Thinking about borrowing to pay for graduate school? Listen first to Bobbie Daniels, a fourth-year osteopathic medical student at the University of Medicine and Dentistry of New Jersey.
She already owes more than $200,000 in federal student loans. And because of credit card troubles, she couldn't borrow the final $7,000 she needed for her last year in medical school. "I sold all my furniture, everything but my bedroom set. I had to move out of my apartment and move in with a roommate."
[Read more: Looking to Save for Grad School? Here's How.]
Daniels also had to ask her mother for help paying off the car she needs to get to and from classes and the hospital. A combination of family generosity and personal scrimping is making it possible to finish medical school. "But it's been kind of difficult," she says.
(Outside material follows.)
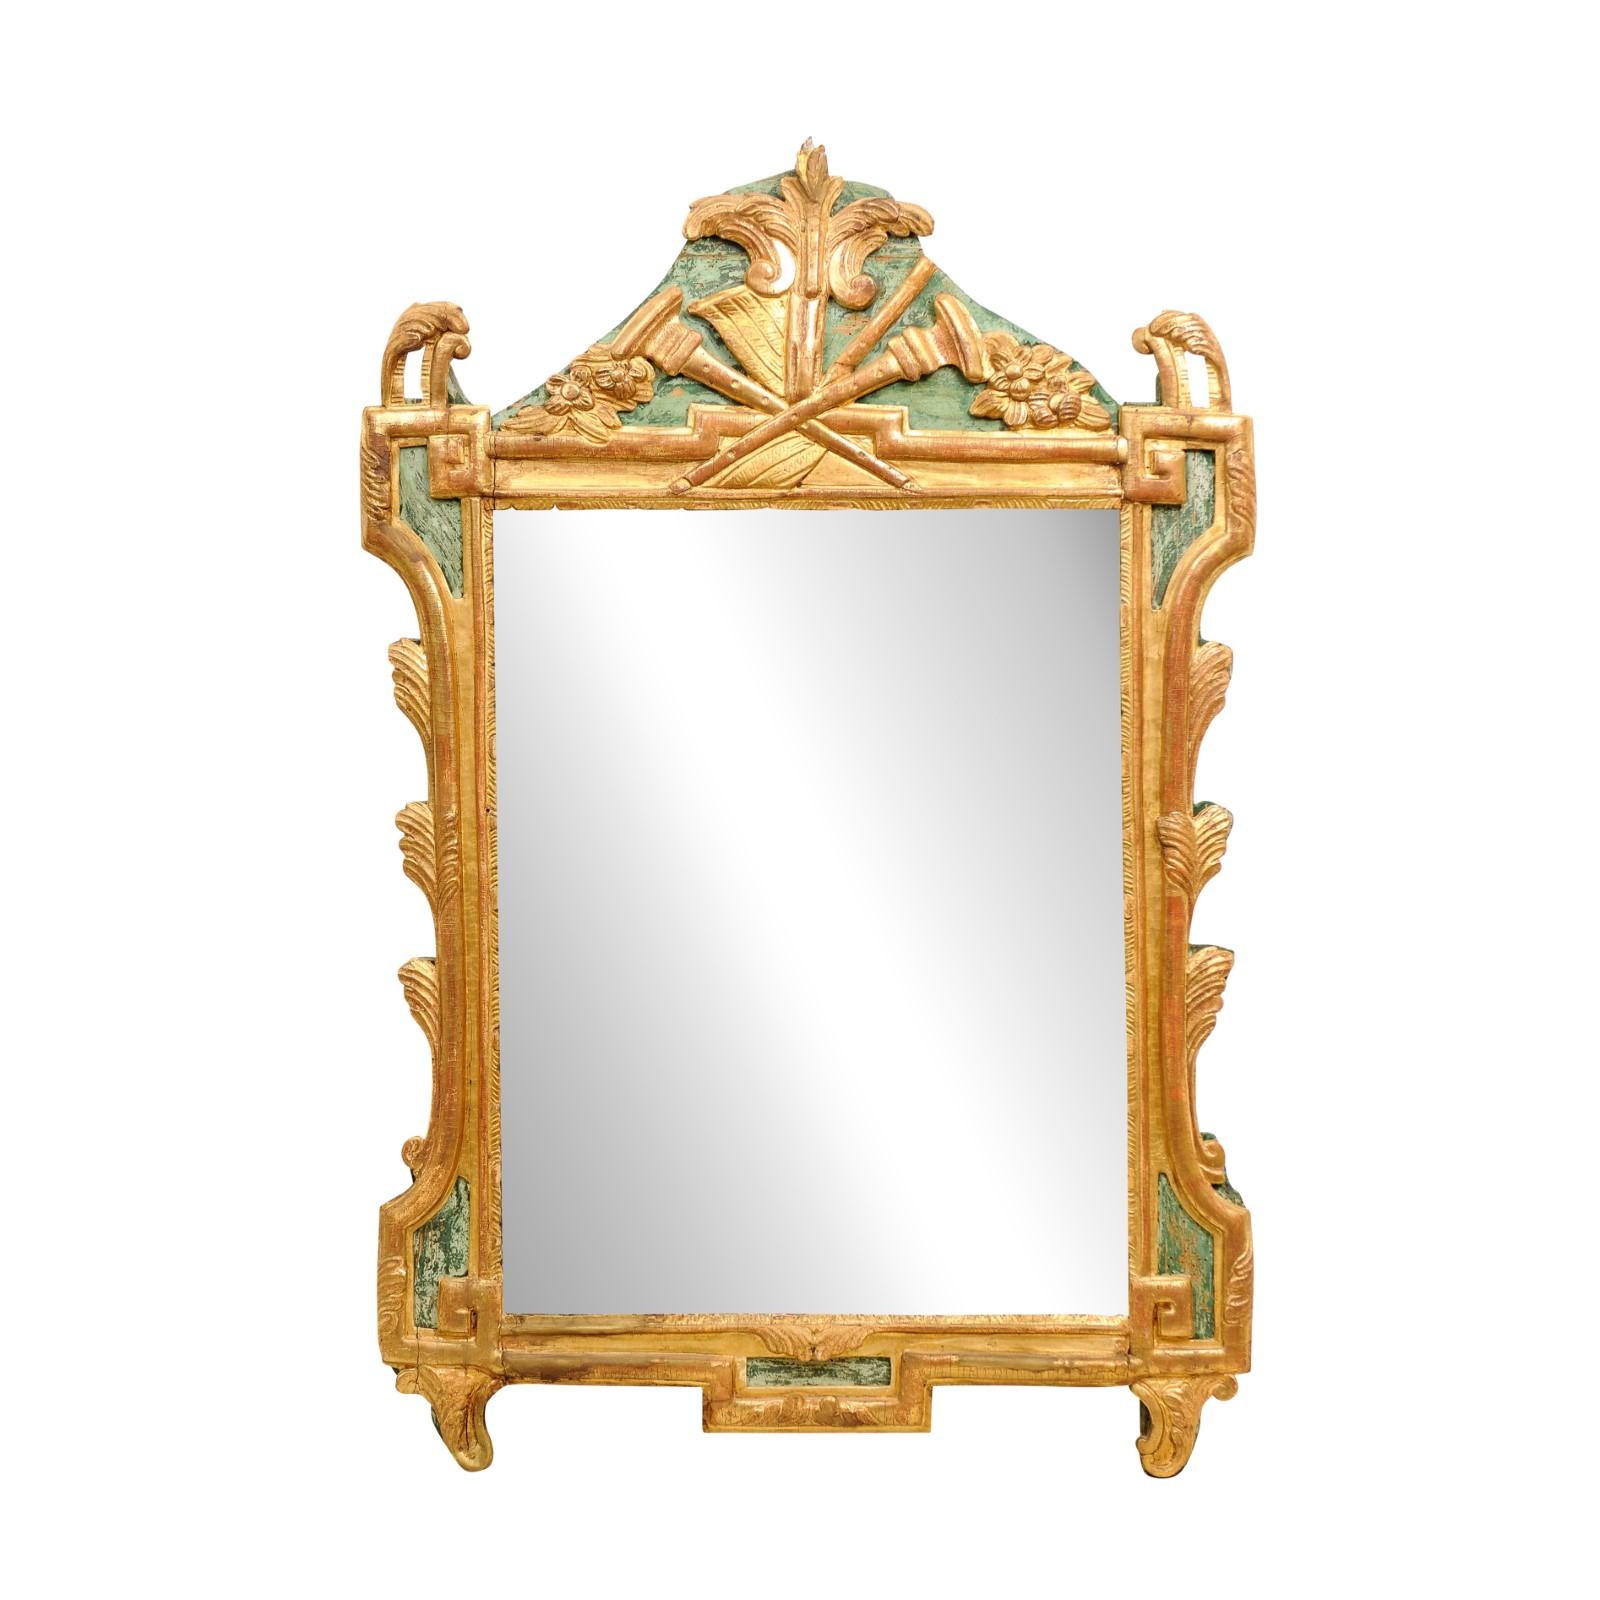 Miroir en bois peint et doré d'époque Louis XVI (XVIIIe siècle), sculpté d'une allégorie des arts libéraux symbolisée par des instruments de musique et des partitions. Ce miroir d'époque Louis XVI français du XVIIIe siècle est un splendide artefact

It will probably get more difficult, at least temporarily. A surge in the number of medical students in her specialty of obstetrics and gynecology will mean tough competition for a $40,000-a-year residency. The 28-year-old figures it will be at least five years before she can start paying down her college debts.
The demand for graduate student loans has never been higher, as economic troubles inspire record numbers of adults to improve their employability with new skills and credentials just as alternative funding options—such as college savings, grants, and loan repayment programs—have dried up. Meanwhile, lenders, who three years ago ran ads on late-night television offering $40,000 loans to just about any student, are now rejecting loan applications from anyone who they think might have even the slightest trouble repaying.
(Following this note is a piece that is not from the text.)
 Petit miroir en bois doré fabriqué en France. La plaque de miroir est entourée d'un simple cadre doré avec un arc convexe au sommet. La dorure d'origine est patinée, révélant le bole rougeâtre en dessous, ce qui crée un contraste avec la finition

But new federal rules, a new income-based repayment option, and tentative signs of thawing in the credit markets hold a few glimmers of hope for anyone considering—or already struggling with—graduate student loans.
Credit cleanup. The key to finding sufficient and affordable loan funding, say experienced borrowers and financial aid counselors, is for applicants to start cleaning up their credit ahead of graduate school and then try to limit their borrowing to the cheapest federal loan programs.
The federal government will not approve new student loans to anyone who has fallen more than 270 days behind on any other federal education loans. But those who have defaulted can requalify for new loans by consolidating their defaulted debts with the federal government or making at least six on-time monthly payments in a row. Those who've only had troubles with credit cards, car payments, mortgages, or even other private educational loans can generally still get at least some new federal student loans without repaying those other debts. Another way prospective students can qualify for some kinds of educational loans is to find a U.S. citizen with good credit who will cosign—committing to repay the loans if the student defaults.
Dan Thibeault, a founder of Graduate Leverage, a private company that provides loans and borrowing advice to graduate students, says many student borrowers have run into trouble because they "made terrible decisions," such as taking out private loans with variable interest rates instead of sticking with the tried-and-true federal loans. That's silly, he says, because many of the federal loans are cheap, widely available (to just about any citizen or legal resident), and can be at least partially forgiven in return for public service.
After filing a Free Application for Federal Student Aid, graduate students can ask their school's financial aid offices if they qualify for a federal Perkins loan. Those loans of up to $8,000 a year charge no interest while the student is in school and only 5 percent after graduation—a remarkable bargain for an unsecured loan, considering most home mortgages charge higher rates. Unfortunately, Perkins funds are very limited, so only the neediest students qualify. Since many colleges try to spread around their scarce Perkins funds, some qualified students may get less than the maximum.